RENCONTRES DU CINÉMA LATINO-AMÉRICAIN. Du 16 au 22 mars, à Pessac, la 39eédition du festival aborde le thème de la « décolonialité ».

Décolonialité. Ce mot, qui fait encore figure de néologisme aujourd’hui, désigne la volonté du peuple latino-américain de s’émanciper de l’influence occidentale. Influence, qui malgré la décolonisation, demeure encore sous la forme d’une aliénation culturelle. 

« La notion de race, de genre, de classe, tout cela appartient à la pensée occidentale, explique Gloria Verges, co-présidente des Rencontres. Ces notions ont envahi l’Amérique latine, au détriment de la pensée indigène. Prenez ne serait-ce que le nom d’Amérique latine. Ce mot renvoie à la domination états-unienne et espagnole. À l’origine, la population autochtone avait un nom pour ce continent “Abya Yala”. En langue kuna, cela signifie “la terre pleine de maturité”. Et c’est cette appellation qu’aujourd’hui Colombiens, Brésiliens ou Panaméens revendiquent. » 

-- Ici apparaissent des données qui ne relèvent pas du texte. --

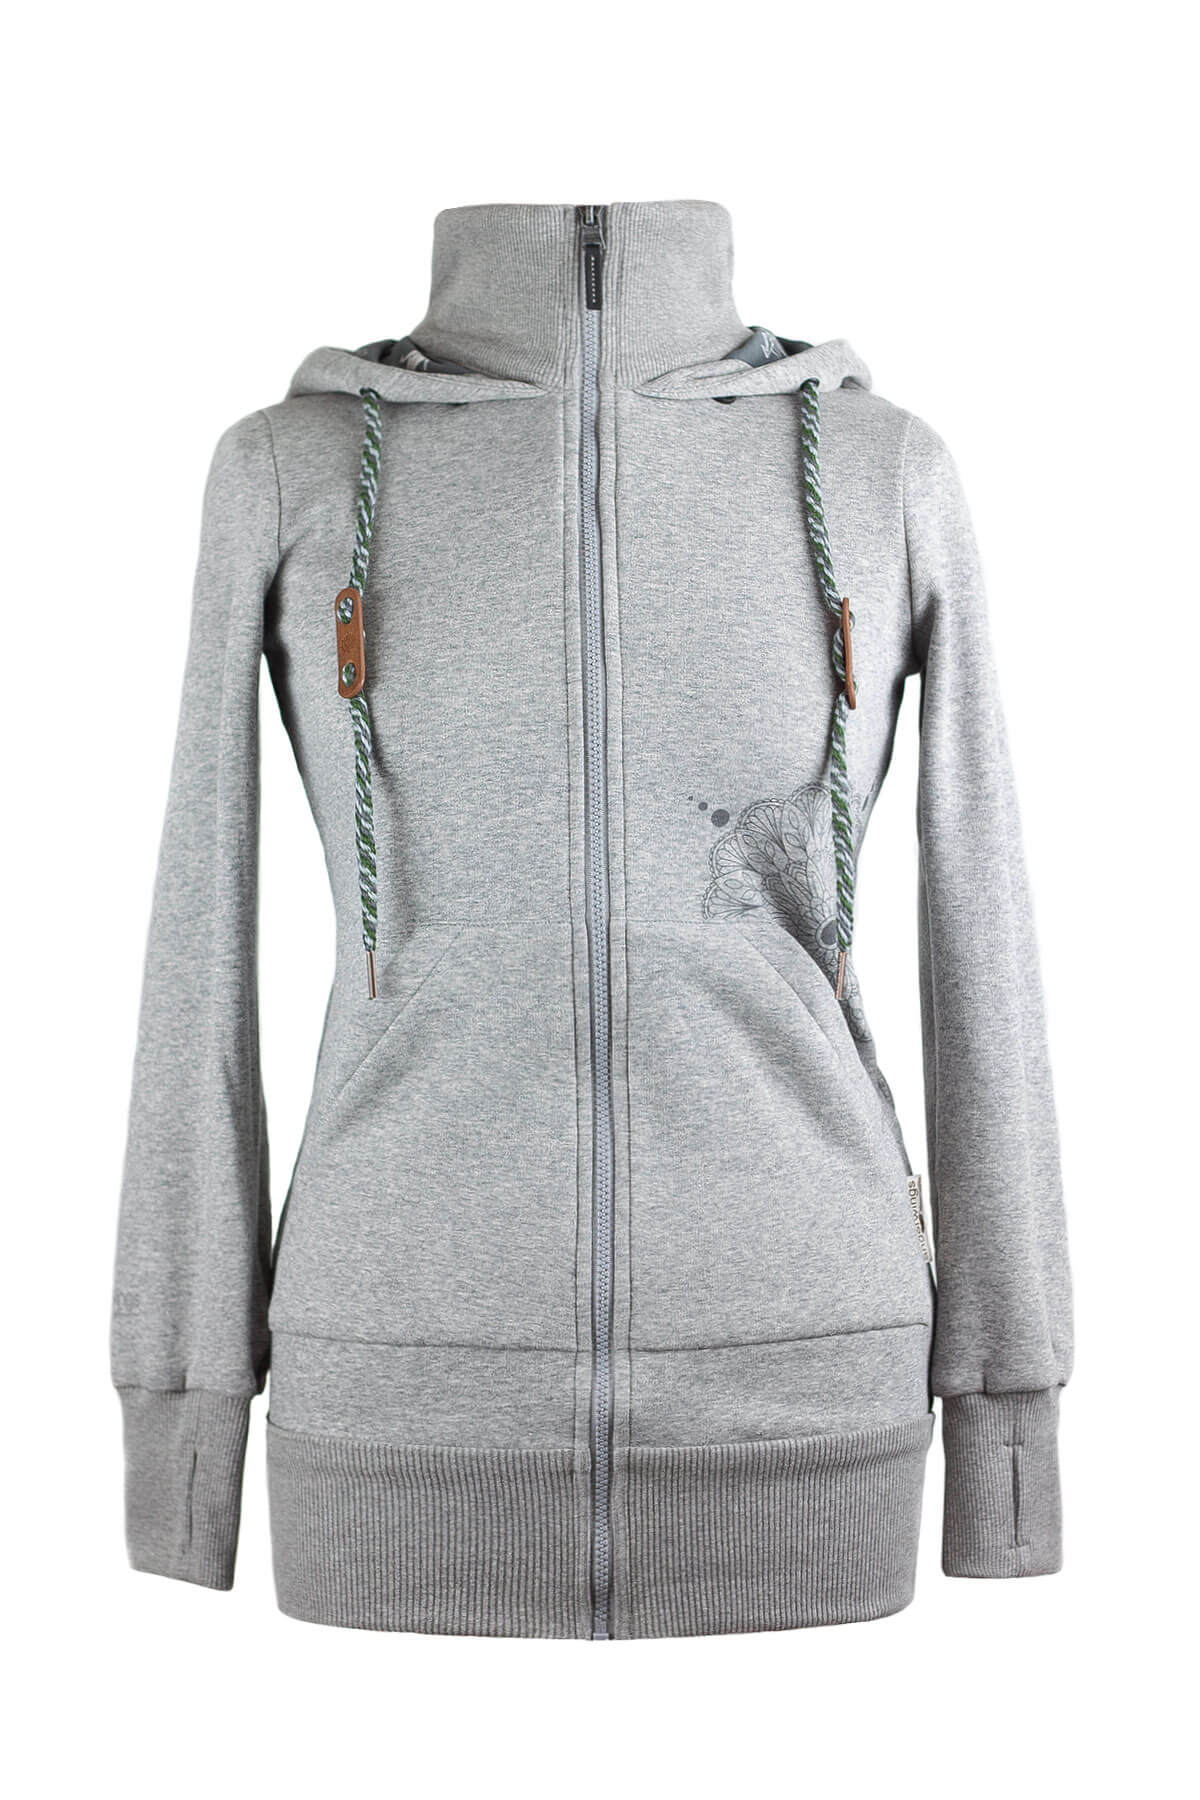 hoodie-gris2
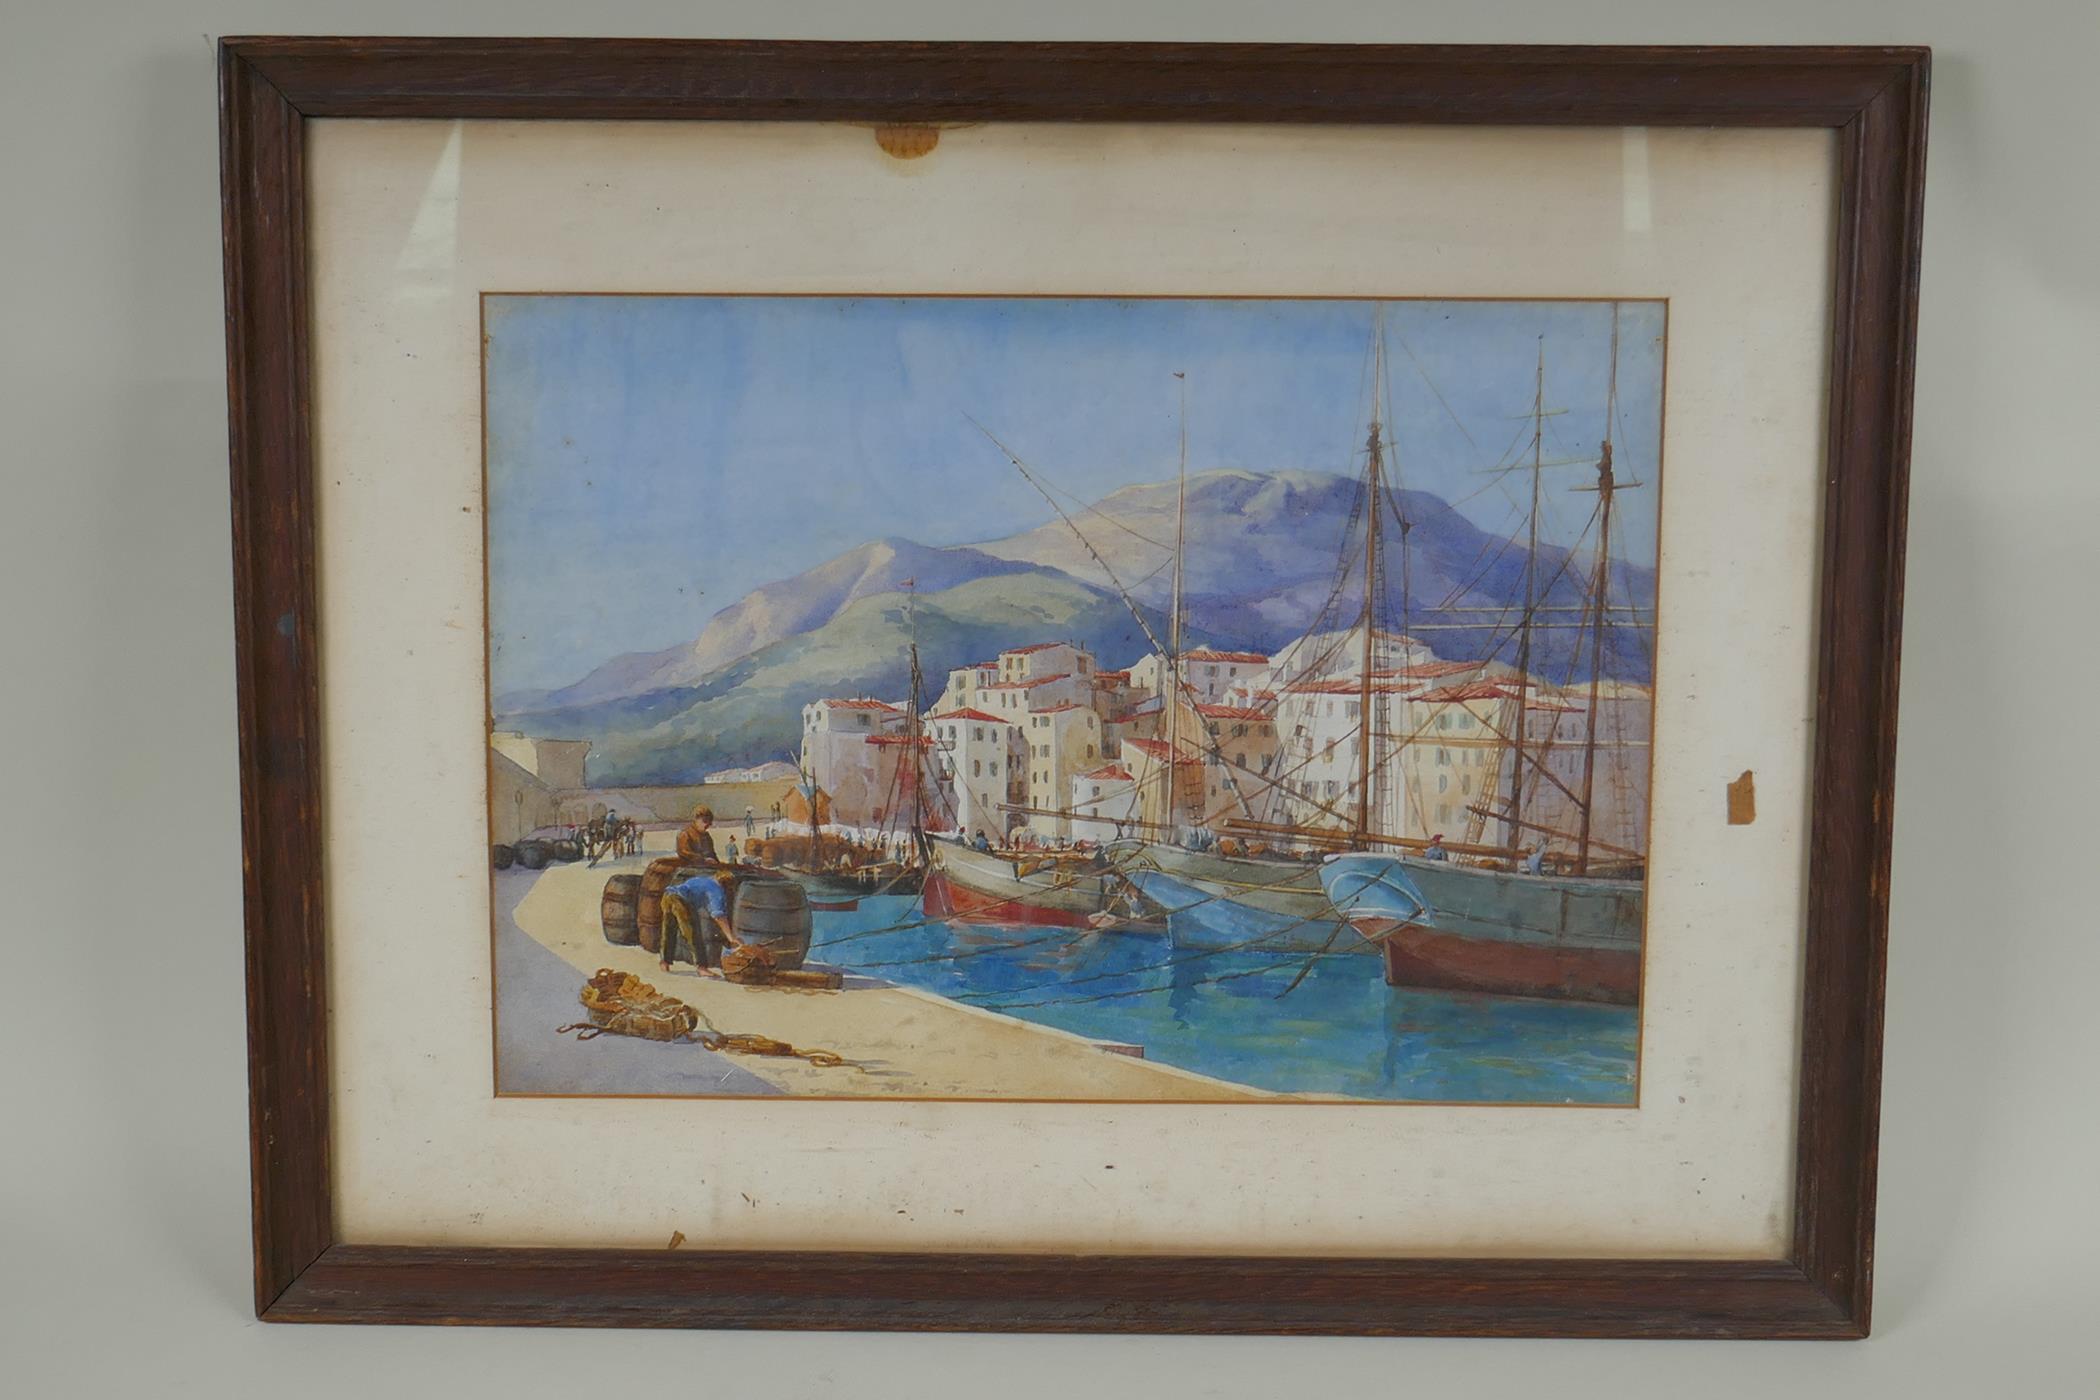 A C19th Italian port scene, watercolour, 38 x 26cm - Image 2 of 2

Prendre conscience de ce legs délétère, voilà l’enjeu de la 39e édition de la manifestation. La majorité des films, projetés au cinéma Jean Eustache, à Pessac, va dans ce sens. À commencer par Dentro da minha pele (À l’intérieur de ma peau). Ce documentaire brésilien de 2020 met en lien l’histoire du pays auriverde avec la façon dont institutions et individus perpétuent le racisme. Cette projection, qui lance la semaine du cinéma engagé, aura lieu en présence de la co-réalisatrice Val Gomes. 

L’extractivisme

« Au cours de cette semaine, nous proposons une réflexion sur l’histoire des peuples colonisés. À la lumière des faits historiques, surgit l’extractivisme, explique la co-présidente. Ce concept affirme que l’Occident est devenu le centre du Monde. Pour s’enrichir ou devenir plus forts, les colons ont réduit en esclavage, ont exterminé, ont extrait des matières premières. L’Espagne a soutiré des millions de tonnes d’or aux pays d’Amérique latine. Cela s’accompagne aussi d’une extraction de savoirs. Le tout afin d’extorquer de l’argent, des richesses matérielles et immatérielles. Dans une optique capitaliste, en résumé. » 

Waldo y Yamila at Payaniyeo
Waldo y Yamila at Payaniyeo

Cet extractivisme, c’est ce que montre Natalia Cano dans Gigantes, documentaire argentin de 2020 revisitant le voyage du comte Henry de La Vaulx en Patagonie, qui, lors de son expédition, a déniché le fils du cacique Liempichun et l’a emmené en France. Aujourd’hui, la communauté de Liempichun réclame la restitution des restes de l’ancêtre, rejoignant ainsi de nombreuses autres revendications qui mettent en défaut les musées européens. Une allégorie du pillage des œuvres d’art des Mapuches ; œuvres qui embellissent aujourd’hui le musée du Louvre, et dont le peuple indien implore la restitution.  

Face au réel

Casal do Putumayo (1909)
Casal do Putumayo (1909)

D’autres sujets sensibles au menu pour regarder la réalité droit dans les yeux : l’excision en Colombie chez les EmberáChamí — deuxième plus grand peuple indigène du pays —, sinistre héritage des colons catholiques espagnols (Un grito en el silencio de Priscila Padilla) ; le soutien de l’ex-président Alvaro Uribe aux narcotrafiquants (la série Matarife du journaliste et avocat Daniel Mendoza Real égrenant les relations entre l’élite financière colombienne, la classe politique, le narcotrafic et les paramilitaires) ; ou la déforestation de l’Amazonie (A ultima Floresta, de Luiz Bolognesi et Davi Kopenawa Yanomami).

Des tables rondes avec les réalisateurs jalonneront ces temps de réflexion sans oublier la sélection de courts métrages en lice pour le prix du jury lycéen. Enfin, le public est invité à donner son verdict sur chaque film visionné dans le cadre de la compétition des documentaires et des fictions. Celui qui recueille le plus d’étoiles remportera 1 000 euros à l’issue du festival. 
Chloé Maze

Rencontres du cinéma latino-américain, du mercredi 16 au mardi 22 mars, cinéma Jean Eustache, Pessac (33).